◆ YOUR GOAL:
Leave the pictures out. Return all other data exactly.

◆ GIVEN INFORMATION:
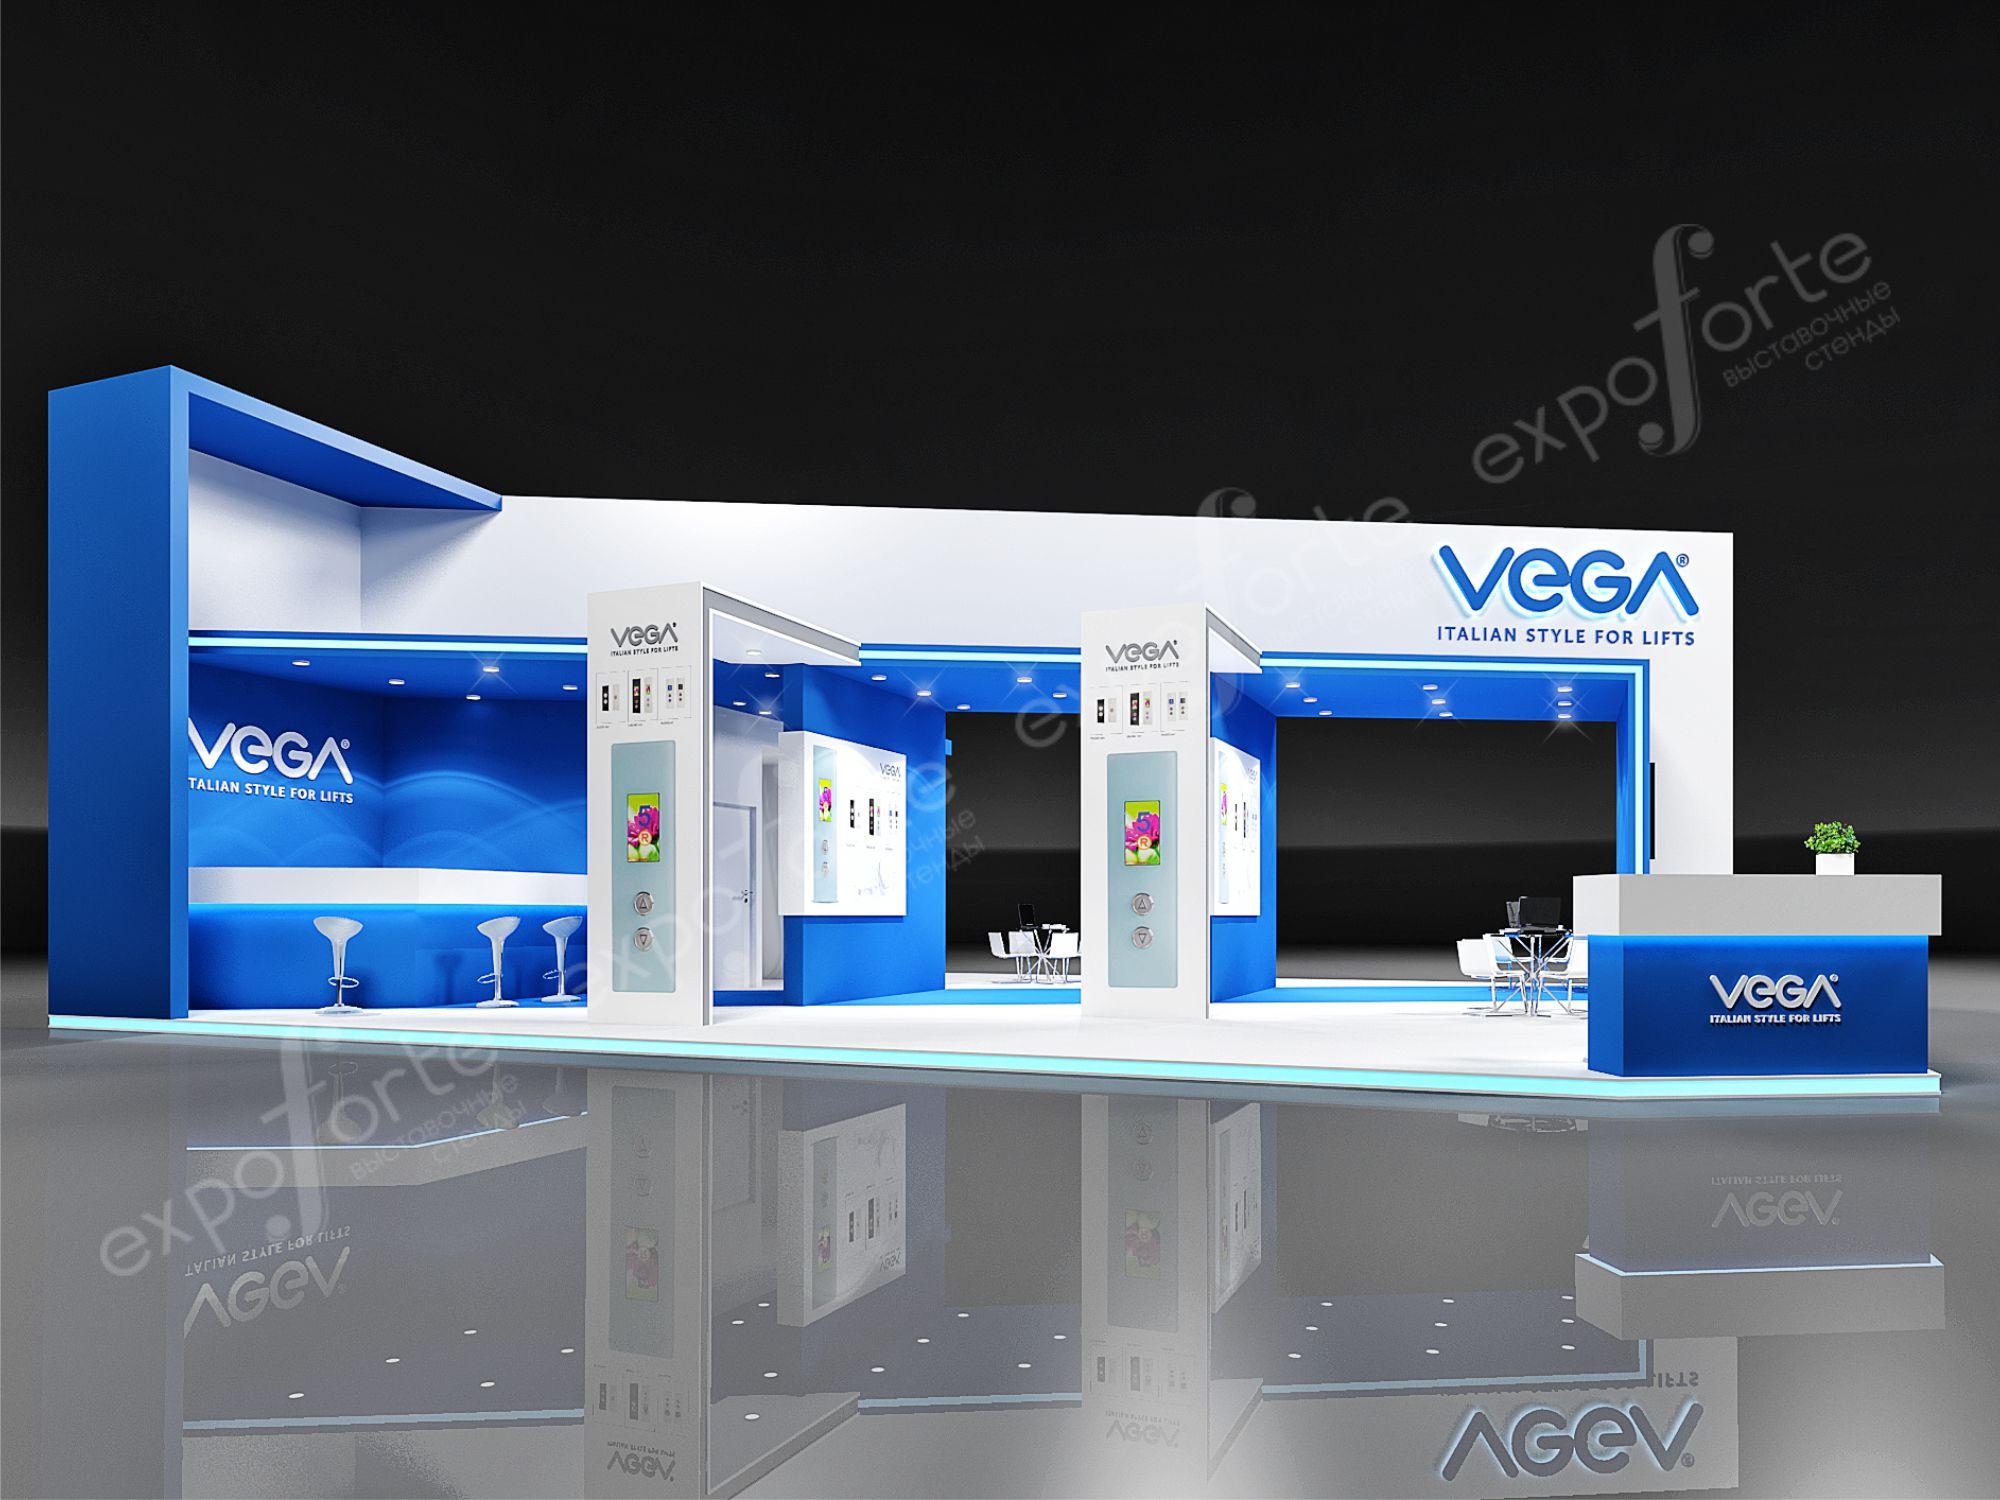 Фото: VEGA, выставка ИНТЕРЛИФТ – картинка 4
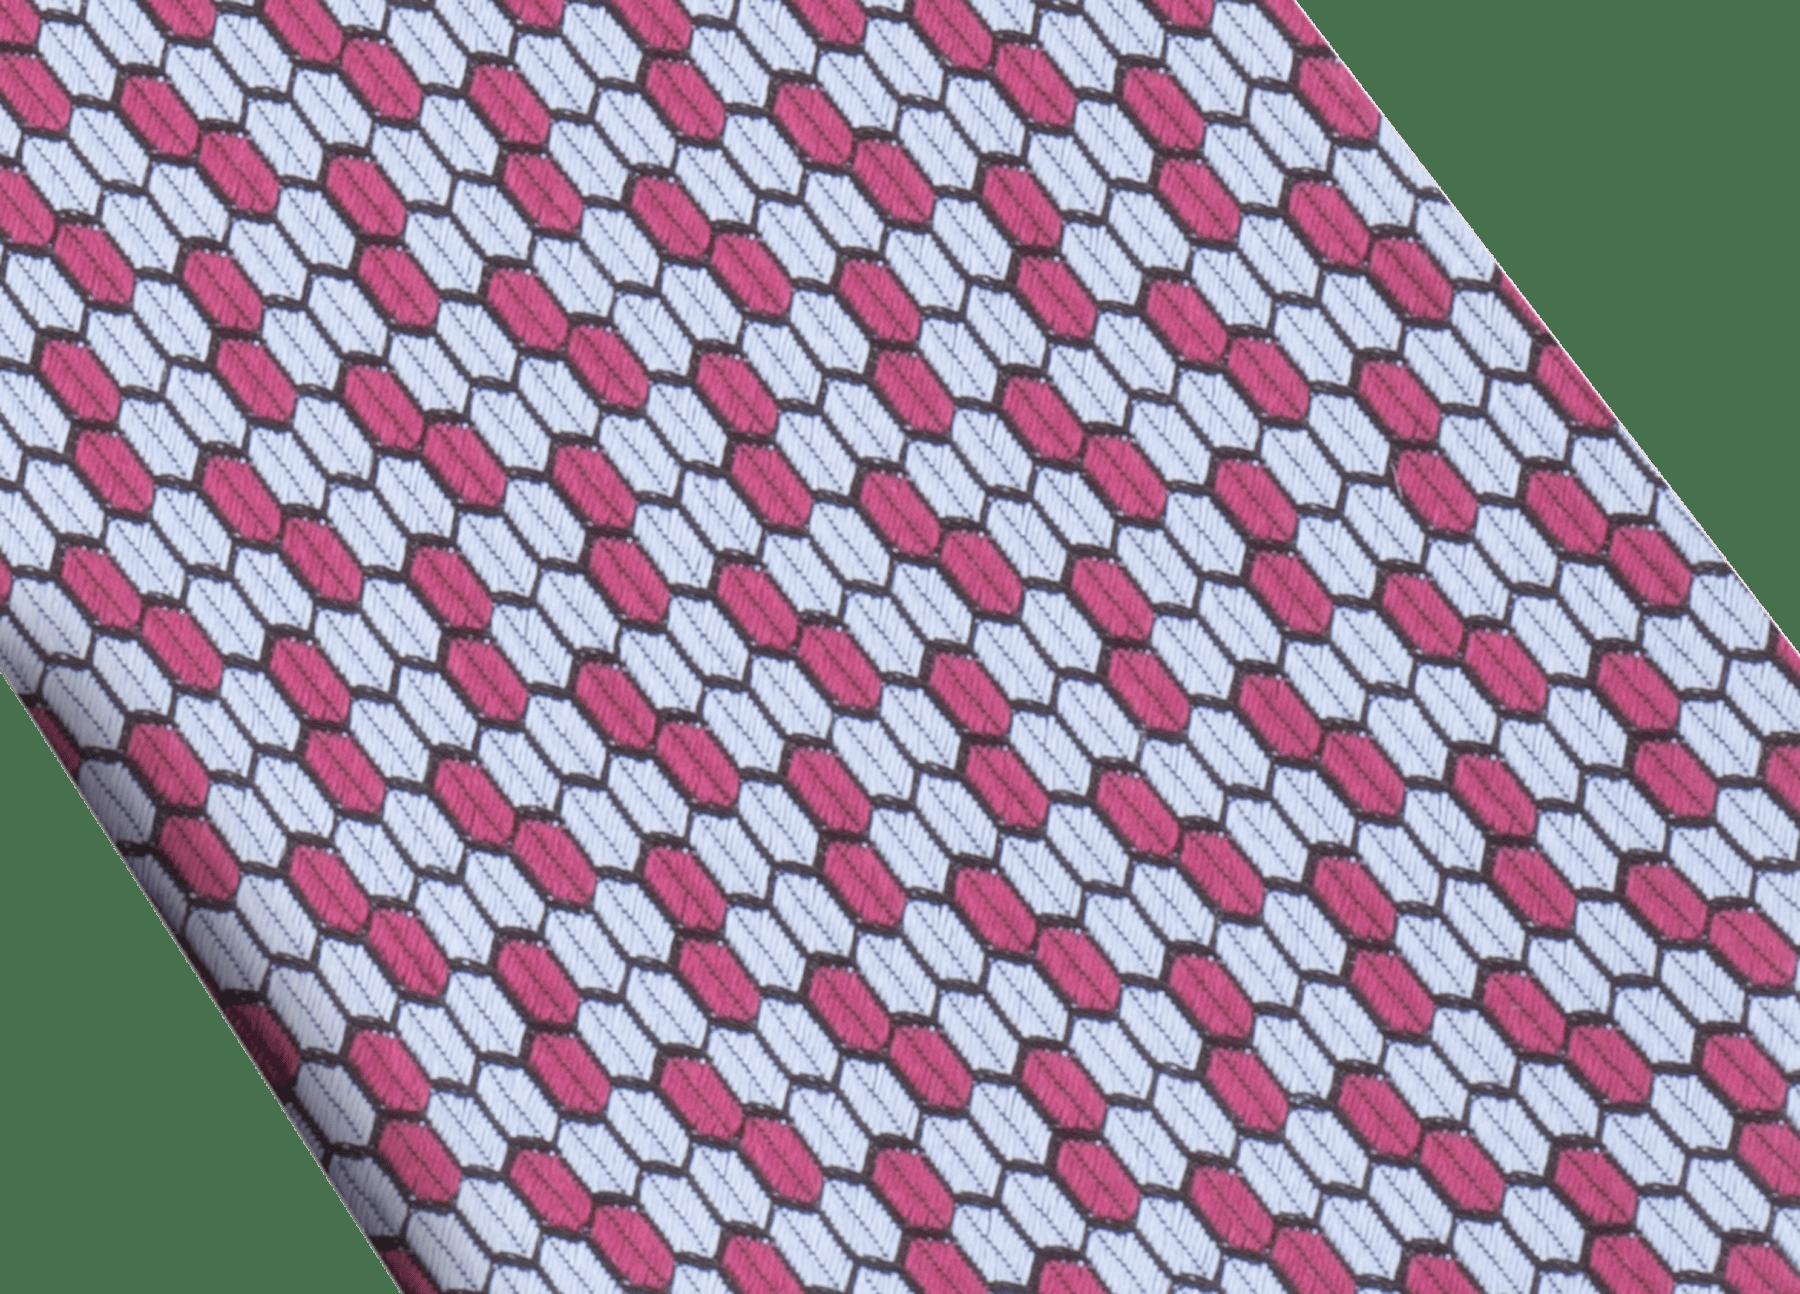 ネイビーのダブル マルチスケール ネクタイ。上質なジャカードシルク製。 DoubleMultiScalesa image 2
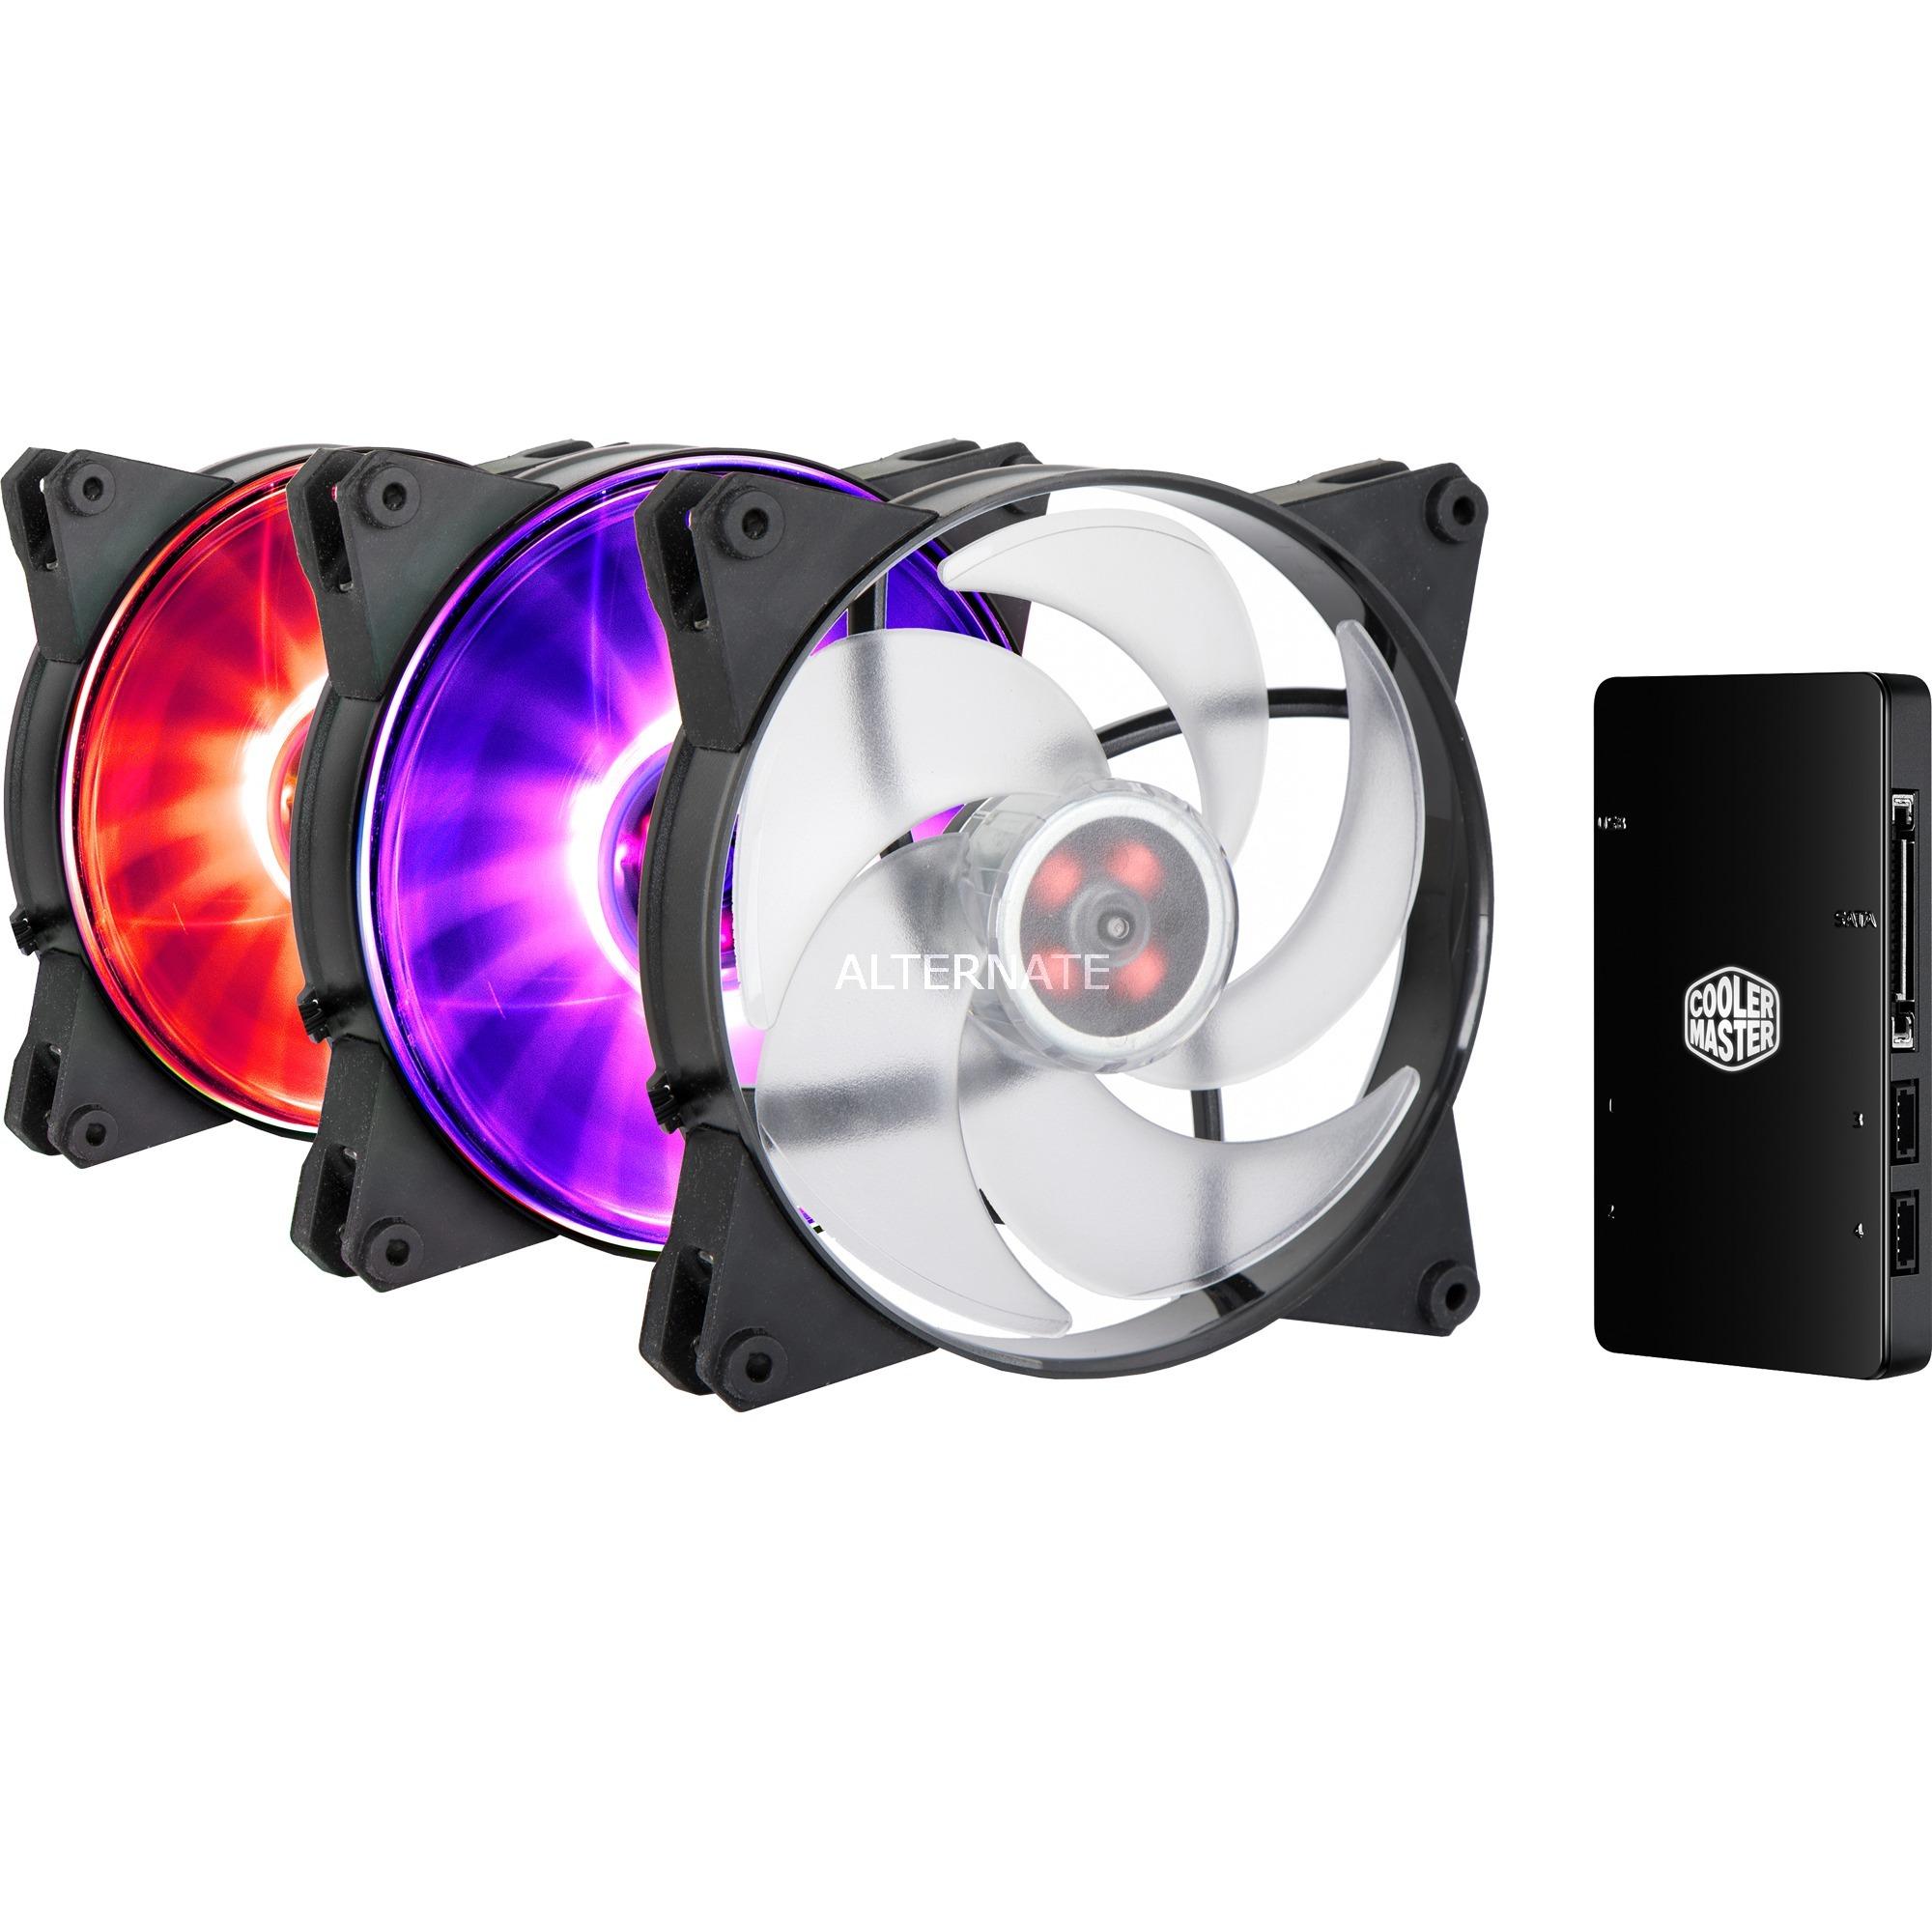 MasterFan Pro 140 Air Pressure RGB Boitier PC Ventilateur, Ventilateur de boîtier

◆ ANSWER SPACE:
 Фото: VEGA, выставка ИНТЕРЛИФТ – картинка 4
 ネイビーのダブル マルチスケール ネクタイ。上質なジャカードシルク製。 DoubleMultiScalesa image 2
 MasterFan Pro 140 Air Pressure RGB Boitier PC Ventilateur, Ventilateur de boîtier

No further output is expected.